Auch ihr Messgewand ist schwarz. Niemand ausserhalb eines Rituals bekommt es zu Gesicht. So ist es Tradition. Neugierigen Augen verborgen bleiben auch die anderen Ritualgegenstände. Altar, Mörser, das Schwert… alles, was es im Laden zu kaufen gibt an magischen Gegenständen, Essenzen, Kräutern, Figurenkerzen, Räucherutensilien, Tarotkarten, Zauberbüchern. Ein ganz klein wenig erinnert Monika Maags Imperium an der Zürcher Kruggasse an die Londoner Winkelgasse aus Harry Potters Welt. Mit England hat die Inhaberin einiges am Zauberhut. Am Arther Finley College ins Stansted absolvierte sie eine mediale Ausbildung in klassischem englischem Spiritismus. Sie selbst bietet Workshops an und legt Karten.

 

„Magie zieht viele Leute in ihren Bann, macht aber auch Angst“, weiss Monika Maag. Zu Unrecht, findet sie. Vom Satanismus distanziert sie sich. „Es ist Unsinn, sich einseitig dem Satan zu verschreiben.“ Magie vertrage weder Ein-noch Beschränkung. „Es gibt Licht und Schatten, beides muss existieren.“ Auch der in England praktizierten Naturkultreligion Wicca fühlt sie sich nicht verbunden. „ Unsere Magie ist weder Religion noch Sekte. Wir missionieren nicht, bedrängen niemanden, verkaufen keine Ideologie. Wer sich dem Zauber des Lebens verschreibt, nimmt lediglich sein Schicksal selbst in die Hand. Erschafft sich mit Wille und Imagination kreativ eine eigene Welt.

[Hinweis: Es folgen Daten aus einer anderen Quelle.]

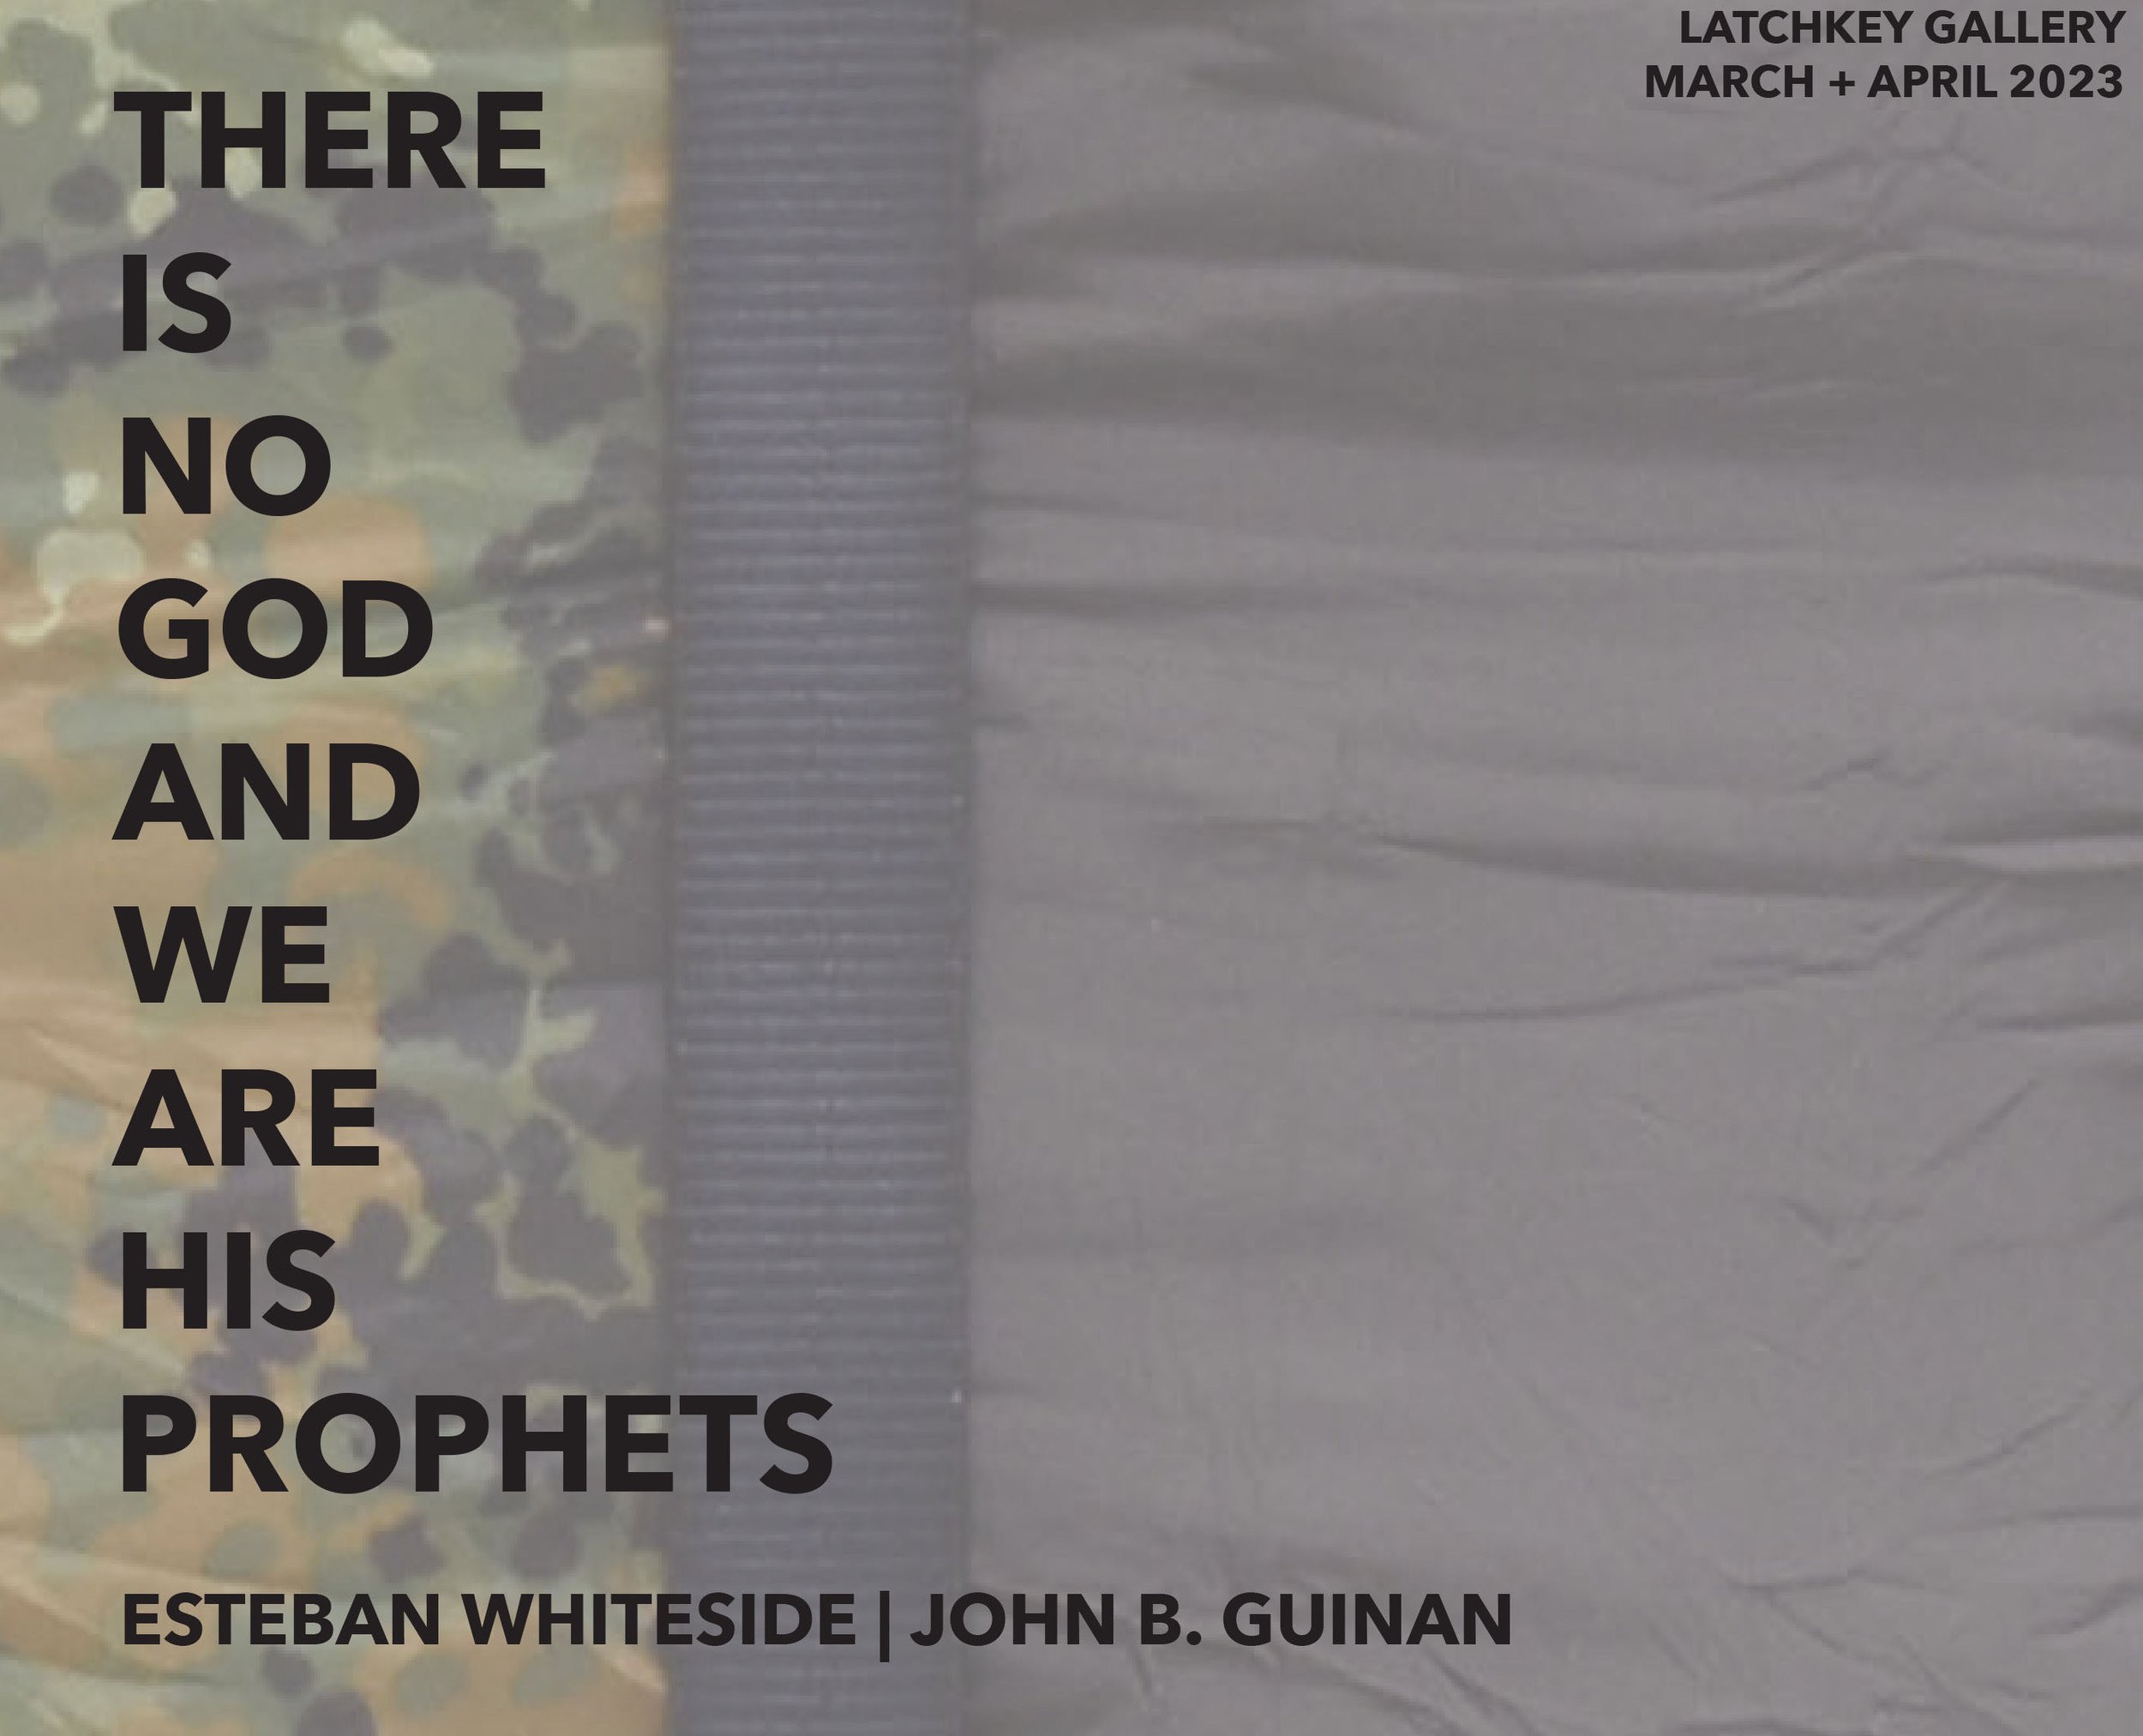 ESTEBAN WHITESIDE | JOHN B. GUINAN

Das tönt nach Esoterik – „und ist es auch“, sagt die gebildete Frau. Denn das Wort bedeute nicht mehr und nicht weniger als die Reise ins Innere. Gestaltungsmöglichkeiten biete dabei Betane. „Traditionelle Handlungen, die gleichzeitig an vielen Orten der Welt vorgenommen werden, bergen enorme Energie. Deshalb schickt man heute Nacht mit vereinten Kräften Wünsche auf den Weg ihrer Erfüllung.“ Wer dabei den Respekt vor anderen und der Natur wahre, werde mit Geduld Wunder erleben. Die Grossmutter habe diesen Respekt gehabt. Als sich einst ihre Maiglöckchen im Otelfinger Garten zu sehr vermehrten, warf sie diese nicht auf den Kompost. „Am Abend vor Anbruch des Wonnemonats stachen Grossmutter und ich sie sorgsam aus und pflanzten sie überall im Breitlen-Wald aus.“ Der Zeitpunkt dieser Aktion war kein Zufall, ist Monika Maag rückblickend überzeugt.